> [Information supplied]
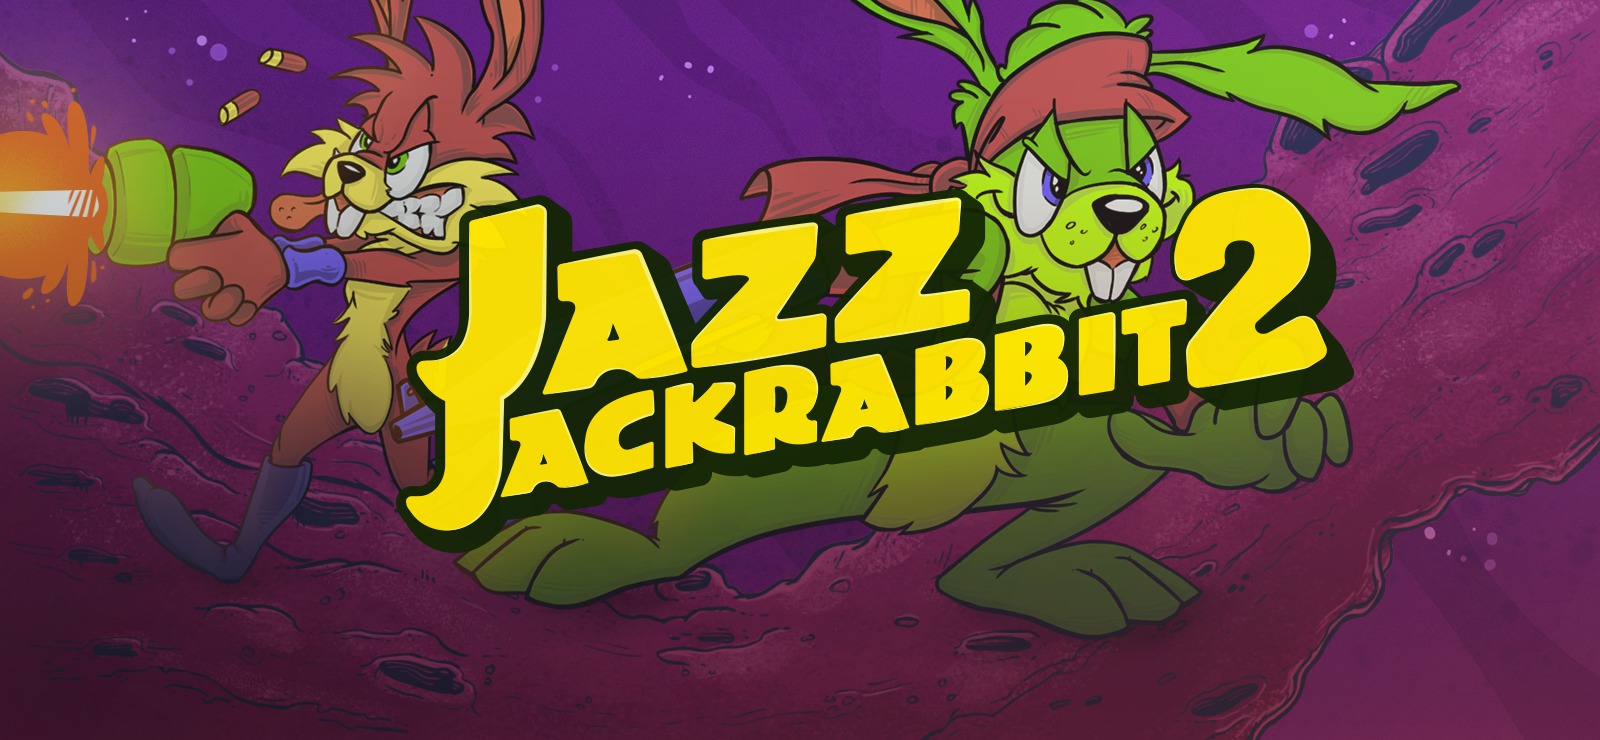 تحميل لعبة jazz jackrabbit 2 للاندرويد مجانا
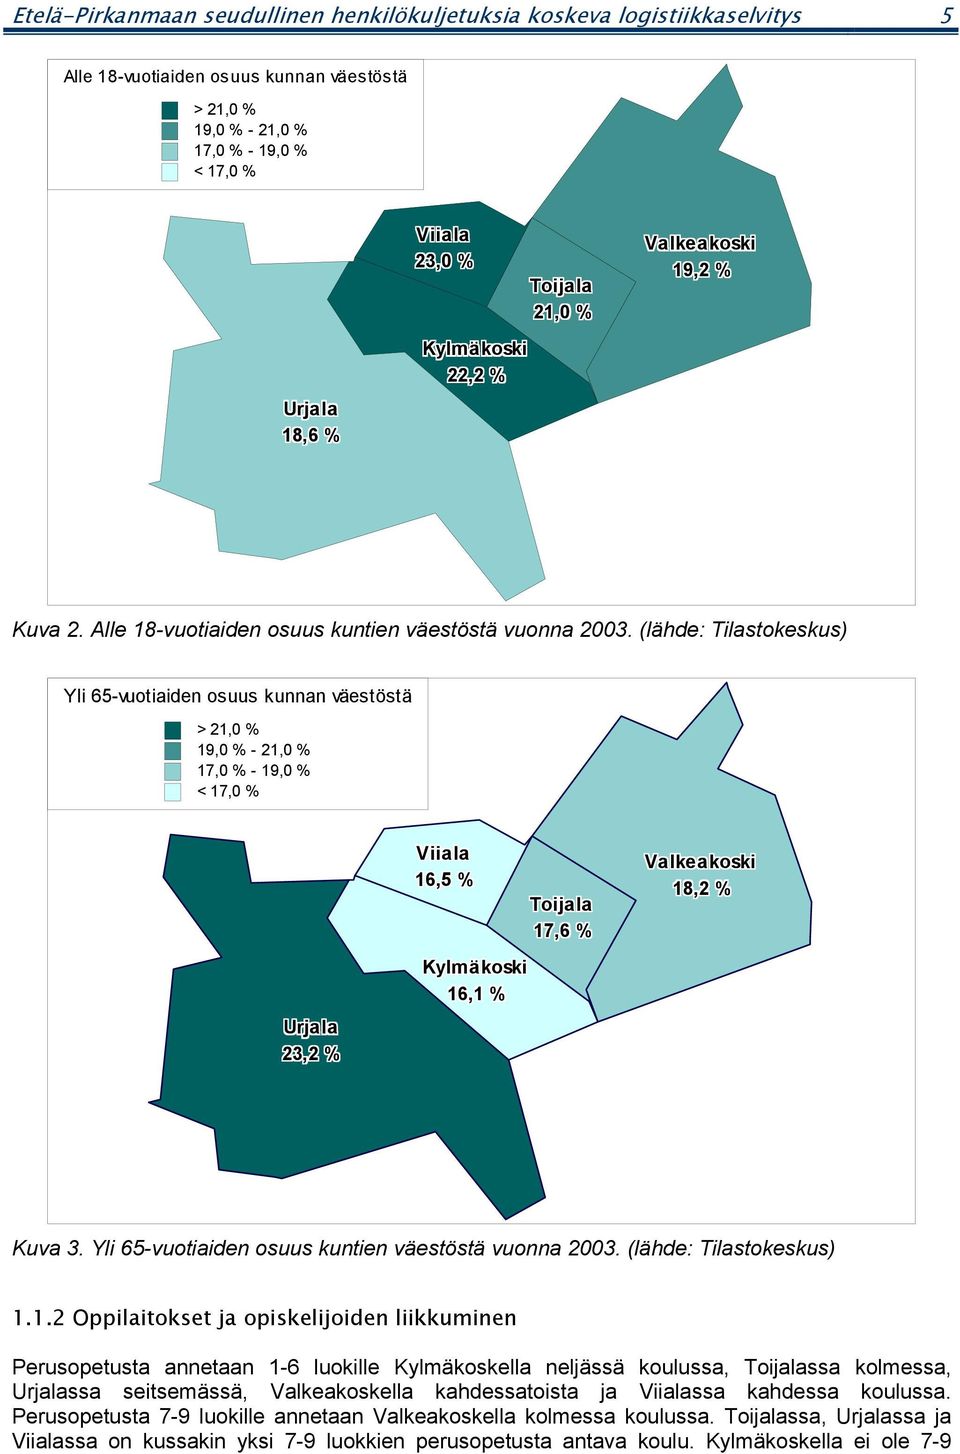 (lähde: Tilastokeskus) Yli 65-vuotiaiden osuus kunnan väestöstä > 21,0 % 19,0 % - 21,0 % 17,0 % - 19,0 % < 17,0 % Urjala 23,2 % Viiala 16,5 % Toijala 17,6 % Kylmäkoski 16,1 % Valkeakoski 18,2 % Kuva
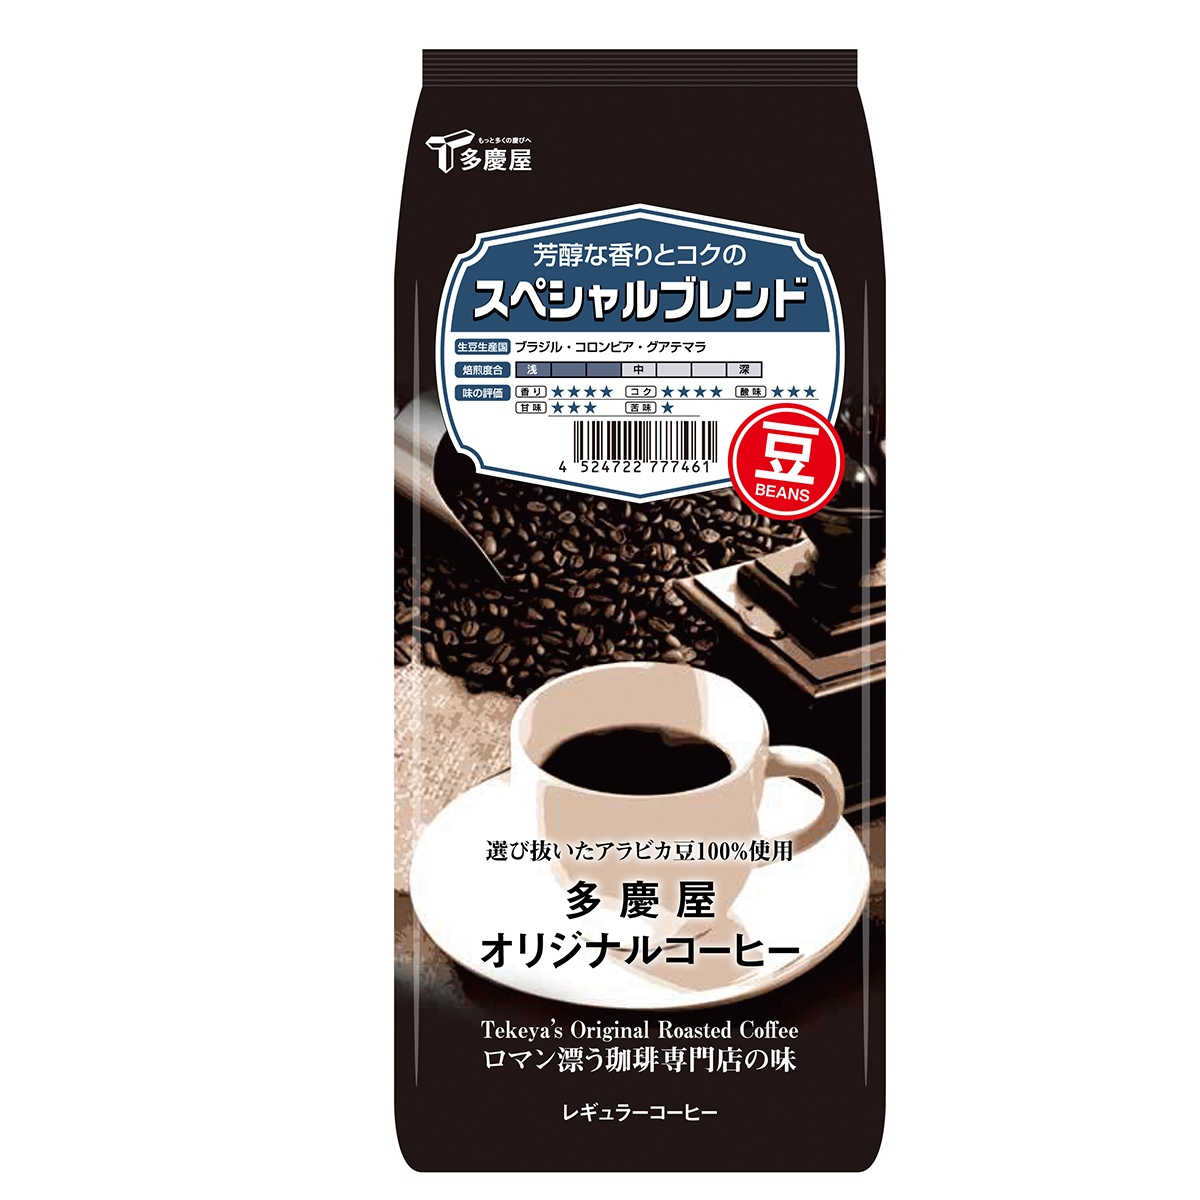 スペシャルブレンド豆150g　多慶屋オリジナルコーヒーコーヒー豆レギュラーコーヒー

> [Action item] Output the material above verbatim but exclude each picture.

> [Output for this task]
 تحميل لعبة jazz jackrabbit 2 للاندرويد مجانا
 (lähde: Tilastokeskus) Yli 65-vuotiaiden osuus kunnan väestöstä > 21,0 % 19,0 % - 21,0 % 17,0 % - 19,0 % < 17,0 % Urjala 23,2 % Viiala 16,5 % Toijala 17,6 % Kylmäkoski 16,1 % Valkeakoski 18,2 % Kuva
 スペシャルブレンド豆150g　多慶屋オリジナルコーヒーコーヒー豆レギュラーコーヒー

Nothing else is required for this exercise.